WHAT TO PRODUCE: Everything in the listing below should be repeated exactly, apart from the pictures.

PROVIDED DATA:
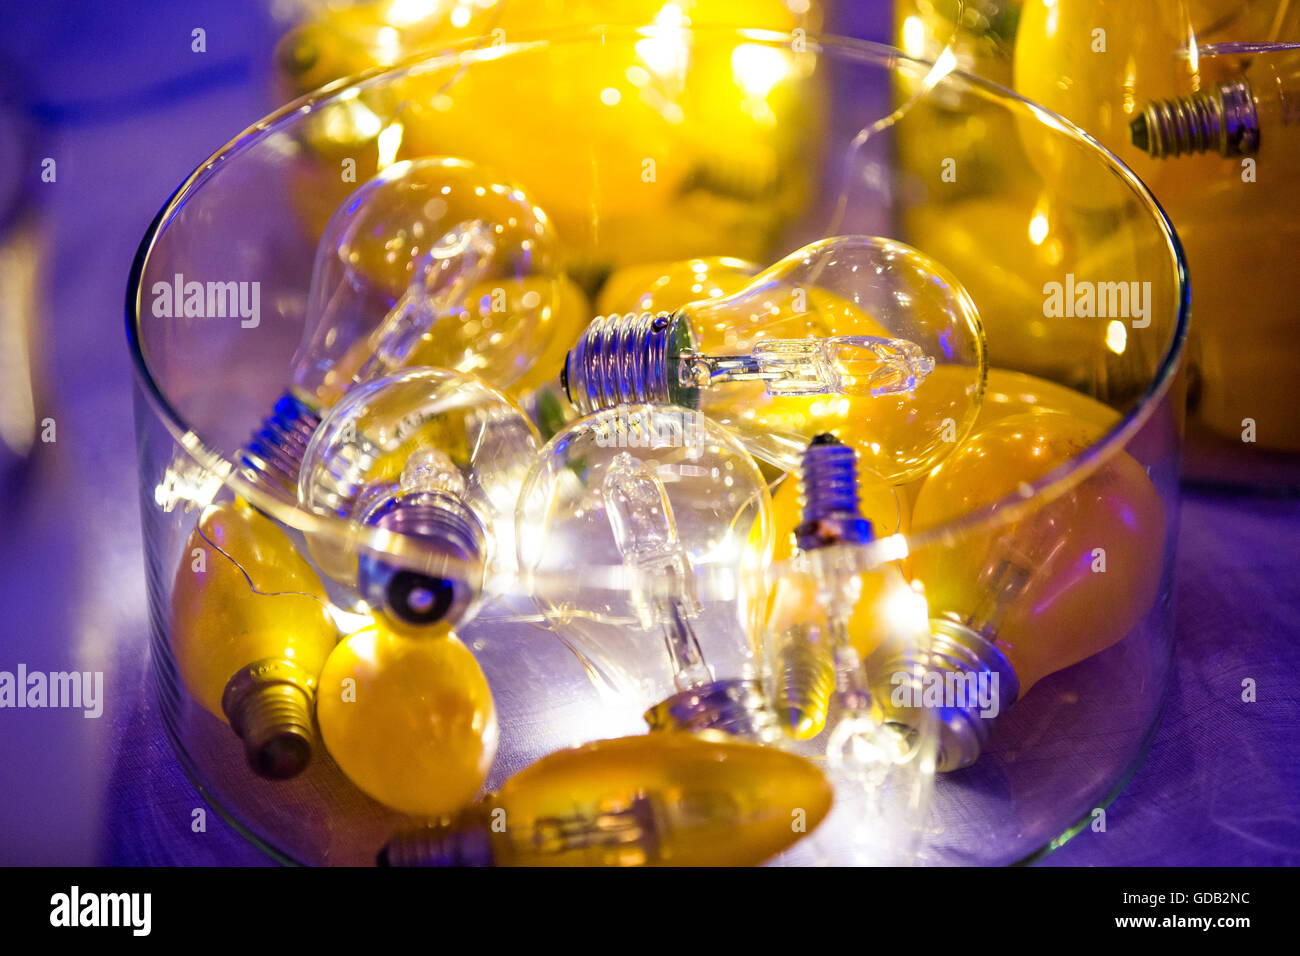 Decorative lightbulbs in a vase Stock Photo
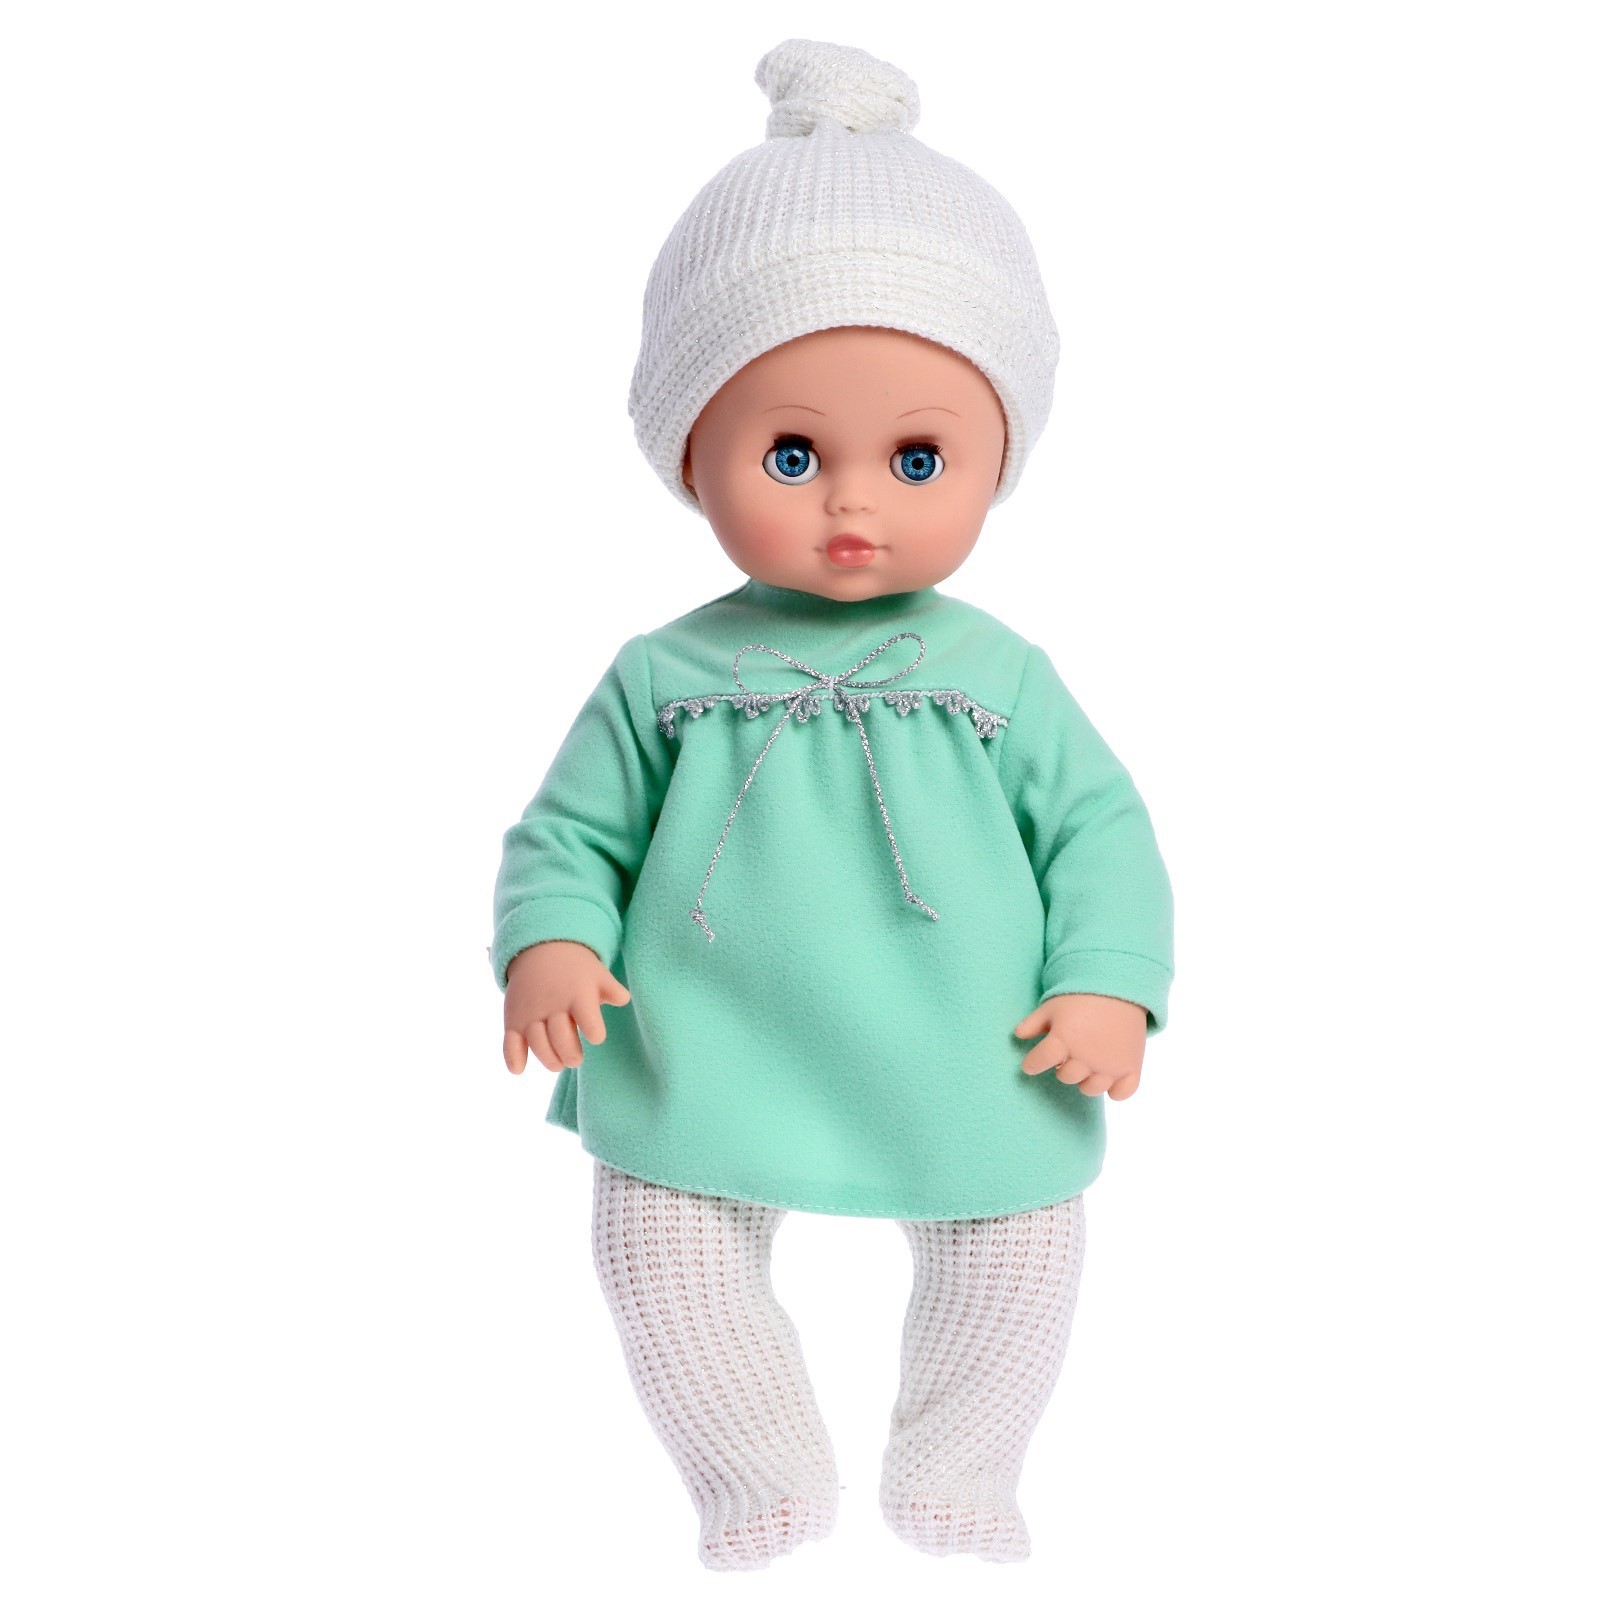 Кукла Актамир Лиза 8 озвученная, 40 см кукла лиза 6
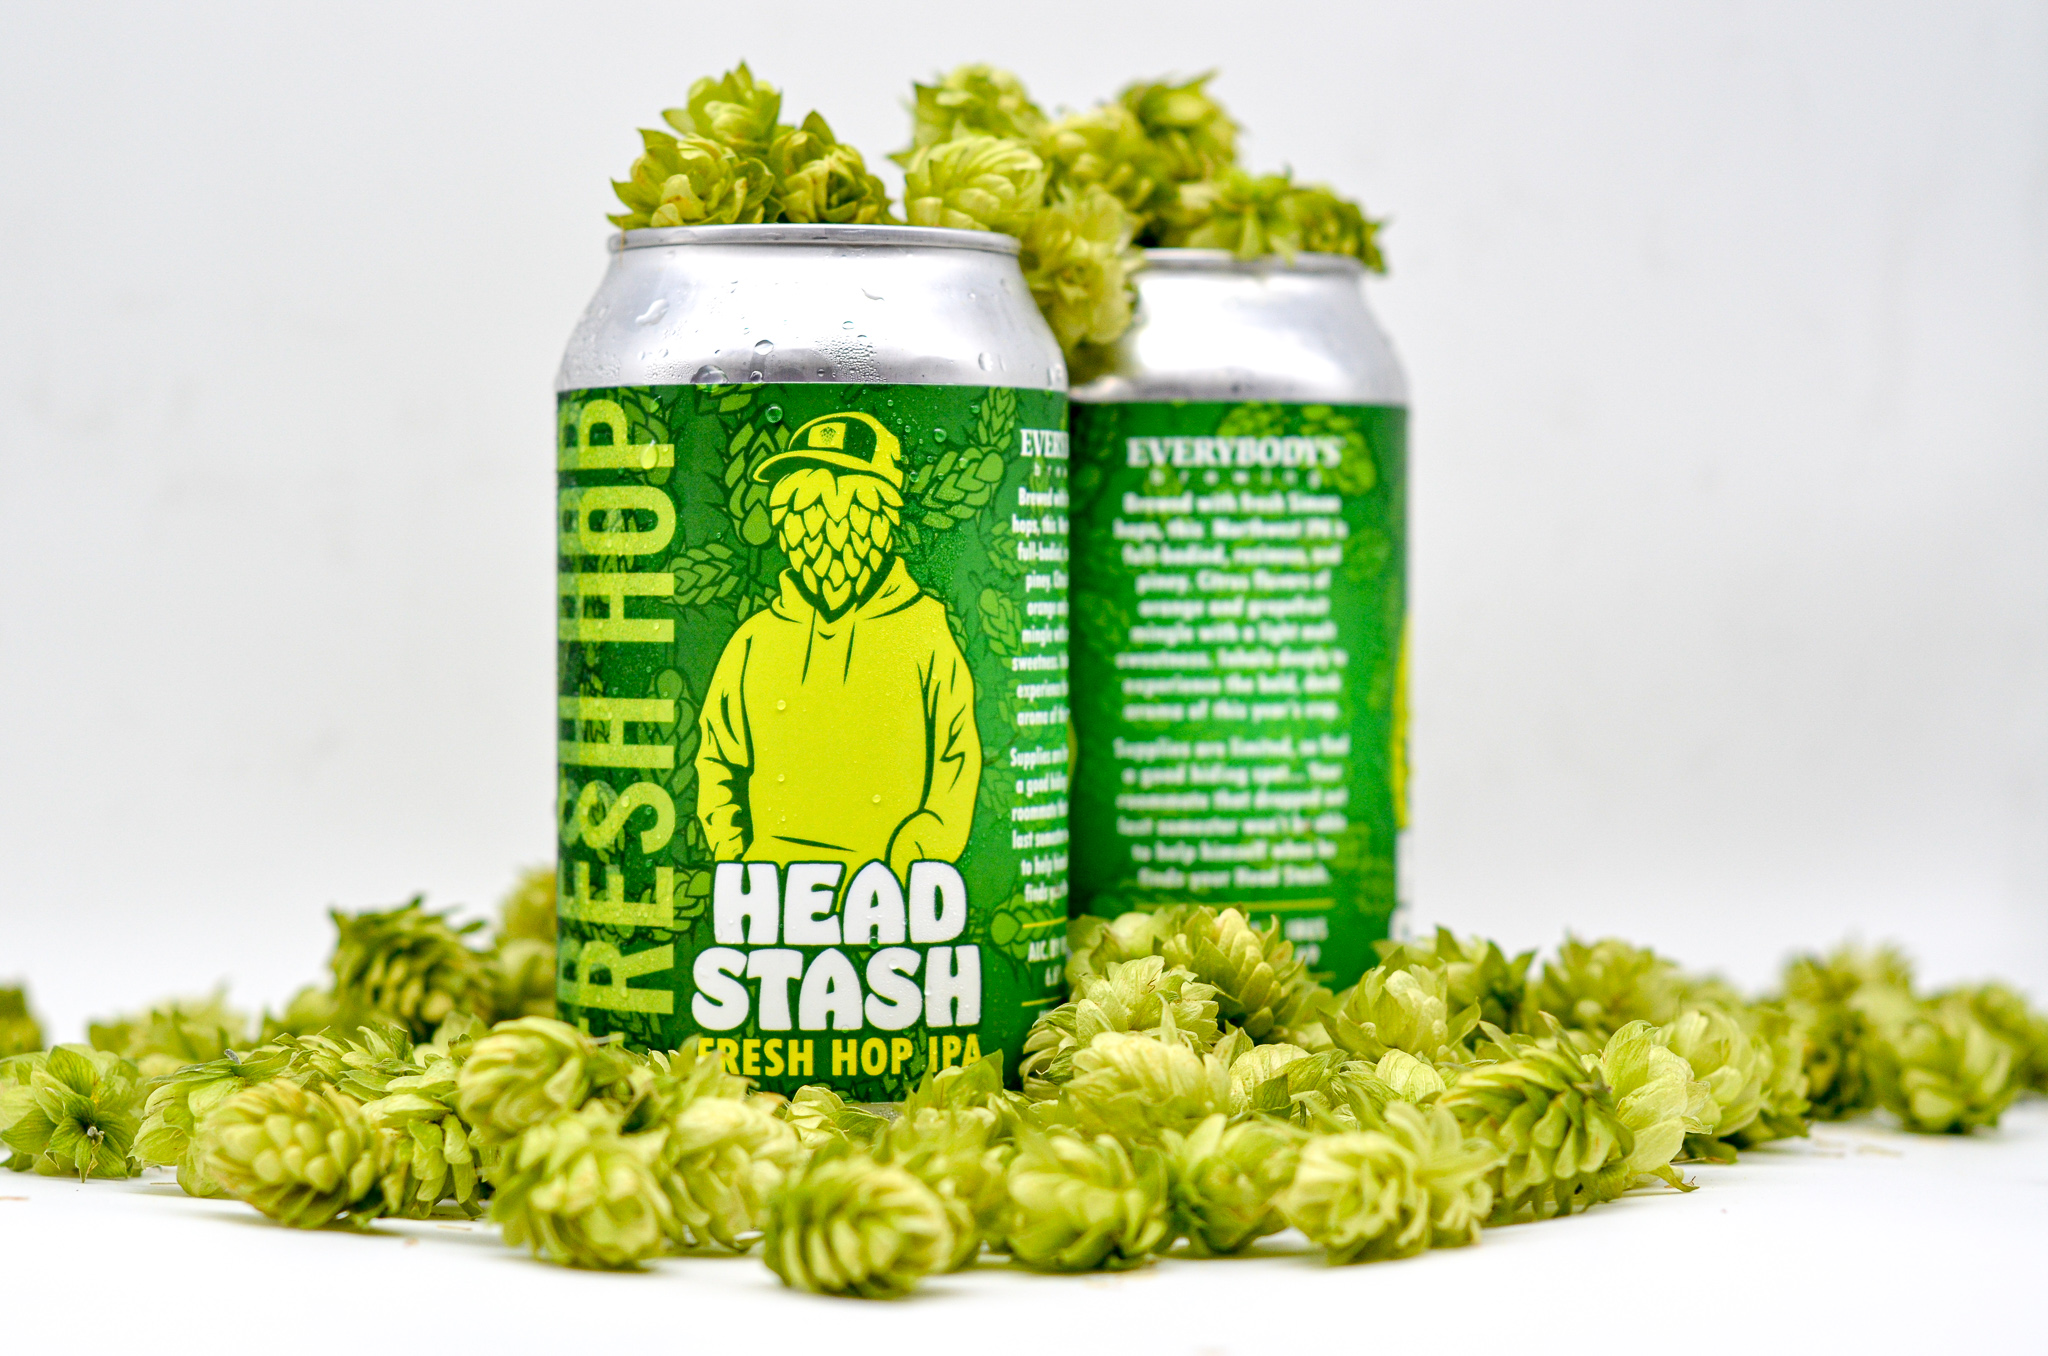 Everybody's Brewing Head Stash Fresh Hop IPA

SOLUTION BELOW:
 Decorative lightbulbs in a vase Stock Photo
 Кукла Актамир Лиза 8 озвученная, 40 см кукла лиза 6
 Everybody's Brewing Head Stash Fresh Hop IPA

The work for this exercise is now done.